A much awaited human rights abuse trial is underway in Argentina.
The accused is a catholic priest charged with carrying out human rights abuses while working in several clandestine detention centers during the nation's 1976 to 1983 military dictatorship. The priest has been under arrest for 4 years ago while living under a false alias in Chile
This is the latest human rights trial of accused torturer since the landmark conviction of a former police officer for genocide in 2006. Former Chaplin Christian Von Wernich wore a priest's collar and bullet proof vest as he sat behind reinforced glass in a federal court. The court clerk read charges accusing him of collaborating with state security agents and covering up crimes in seven deaths, 31 cases of torture and 42 cases of illegal imprisonment. He answered basic court questions but refused to testify in the case, “Following the advice of Dr. Jerollini who is my lawyer. I am not going to declare. And I am not going to accept questions.” At least 120 witnesses are slated to testify against Von Wernich and the court has taken precautions to protect their safety, putting up police fences around the court house and installing metal detectors. In the front row of the court room's audience, representatives from the human rights organization Mothers of Plaza de Mayo sat with their white headscarves listening to the court's accusations. According to Nora Cortinas, president of the Mothers of Plaza de Mayo – Linea Fundadora, the Catholic Church supported the crimes committed during the dictatorship.

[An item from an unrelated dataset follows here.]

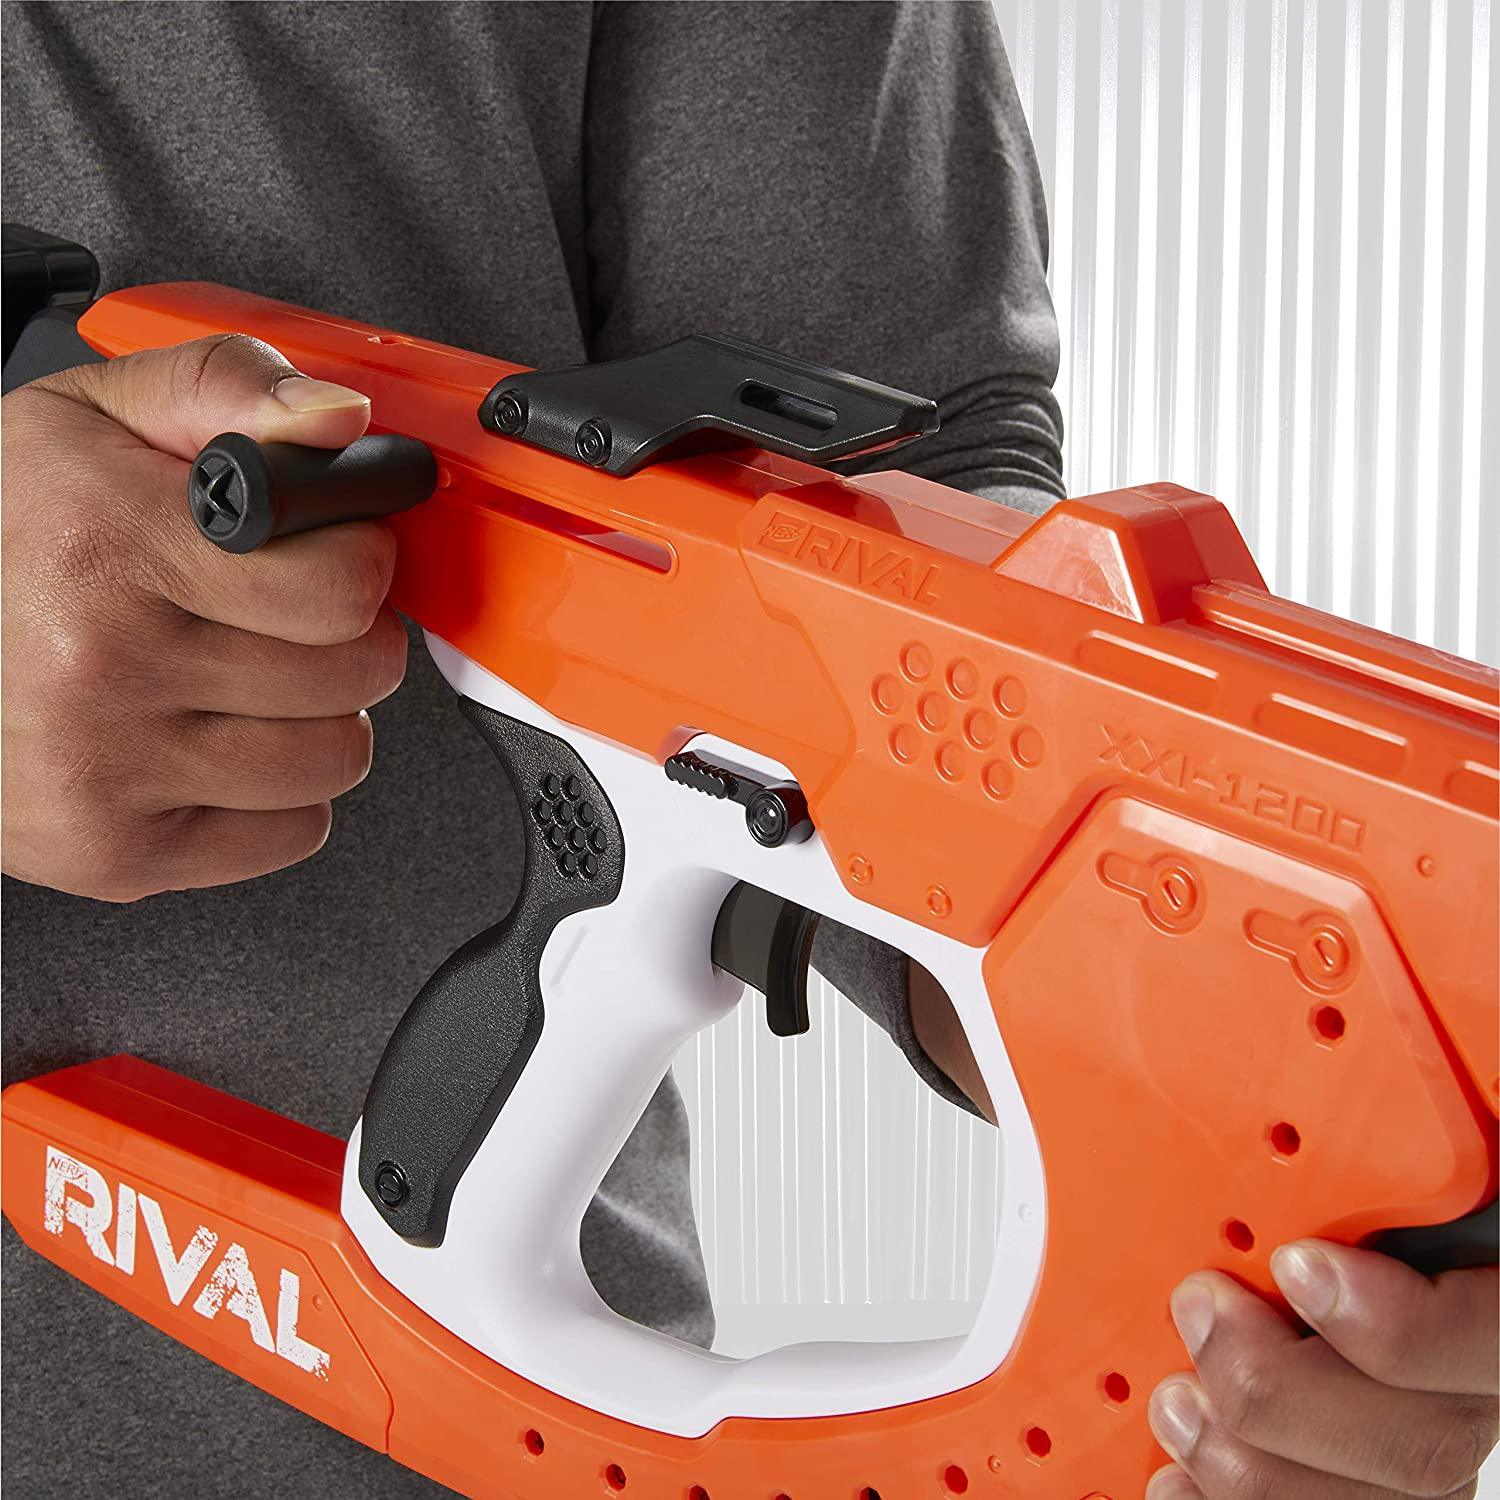 Nerf Rival Curve Shot Sideswipe XXI-1200 Blaster Fire Rounds to Curve Left, Right, Downward or Fire Straight 12 Nerf Rival Rounds - FunCorp India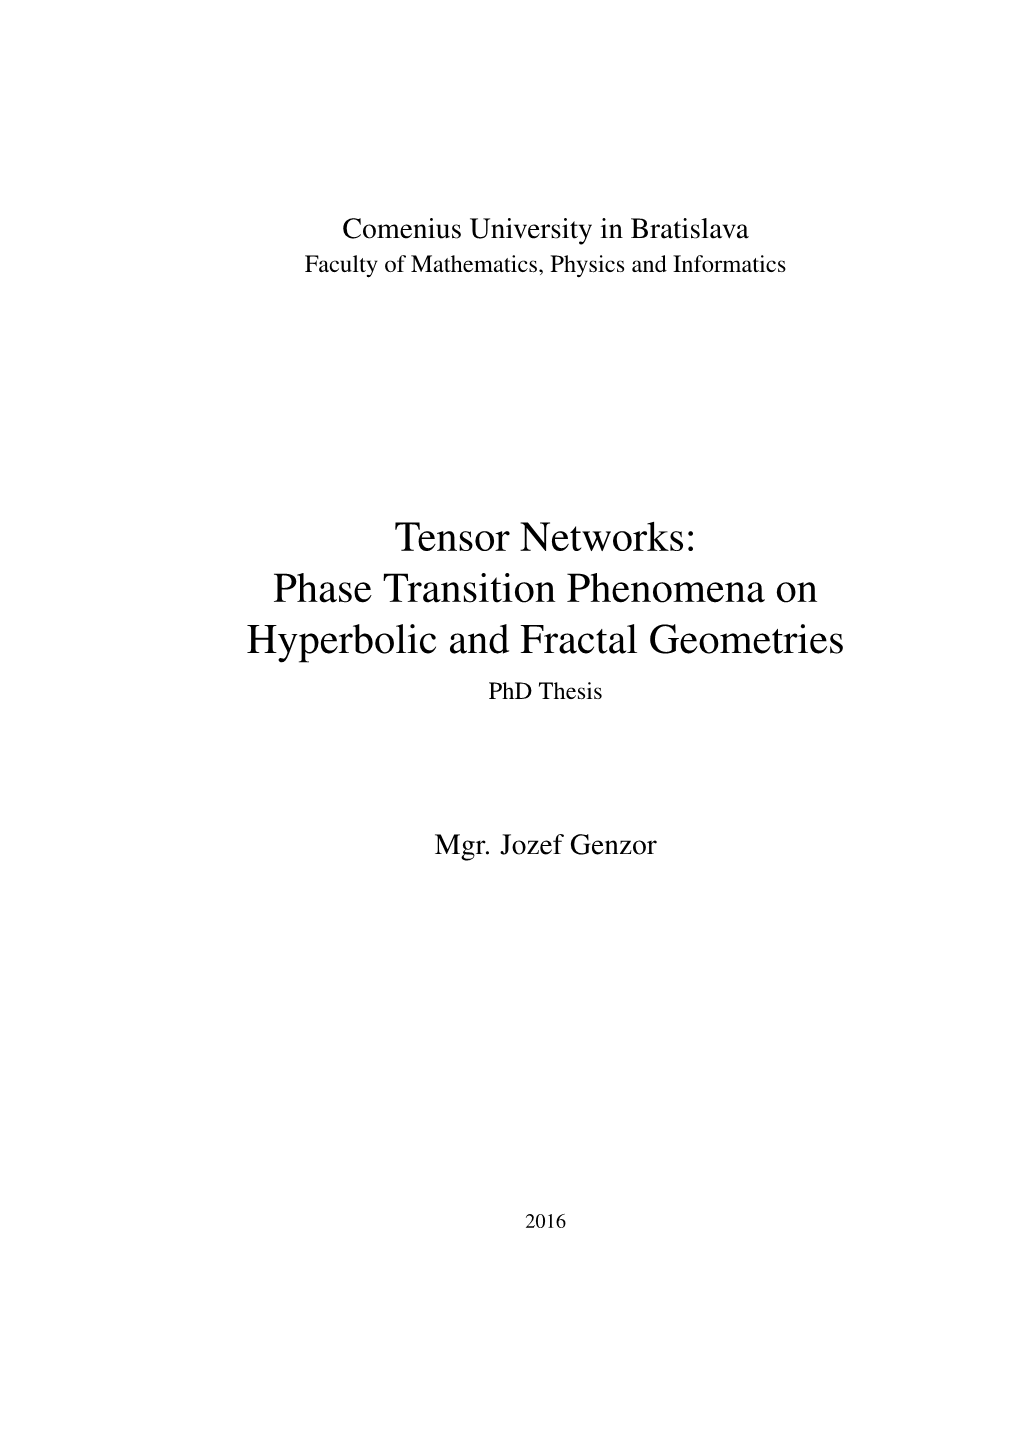 Tensor Networks: Phase Transition Phenomena on Hyperbolic and Fractal Geometries Phd Thesis

“The heads of the Catholic Church participated in the dictatorship. Many priests were chaplains inside the barracks of the concentration camps. We want to point out that there is a sector from the church that didn't have anything to do with the dictatorship, on the contrary they supported us and reported the crimes committed at the time. But most of the representatives from the church participated in the celebration of death and torture.” Journalist Horacio Verbisky recently published a book on the Catholic Church's involvement with the military dictatorship. Outside the courthouse, hundreds of human rights advocates rallied, demanding a severe sentence for the Catholic Priest. At one point, Von Wernich interrupted head judge Carlos Rozanski, saying he couldn't hear the accusations against him because protestors could be heard yelling 'Assassin' from outside the courtroom. Christina Valdez's, whose husband was kidnapped and disappeared in La Plata in 1976, describes how she felt seeing Von Wernich on trial. “Looking at Von Wernich is looking at the face of a murderer. I suppose that all the relatives of the disappeared must feel a similar sensation: a certain impunity because one has to sit and swallow down everything that he or she feels in that moment. You can't yell at the murderer, you can't scream assassin.” This is only the third human rights trial since Argentina's supreme court struck down amnesty laws in 2005 protecting military personnel who served during the 7-year dictatorship. Human rights organizations worry that judicial roadblocks and an atmosphere of fear may provide former members of the military dictatorship a window to escape conviction.
Nora Cortinas says that Argentines do not wish to live with a justice system of impunity. “What we want is for the trials to speed up a little bit and not be tried on a case by case basis. And that the government takes responsibility to help end the threats against witnesses, judges, and lawyers. So that we can really say that there's justice in this country.”
Von Wernich's trial is expected to go on for two months. Human rights groups are preparing events to demand the safe return Julio Lopez, a key witness who helped convict a former officer for life, but who disappeared nearly a year ago.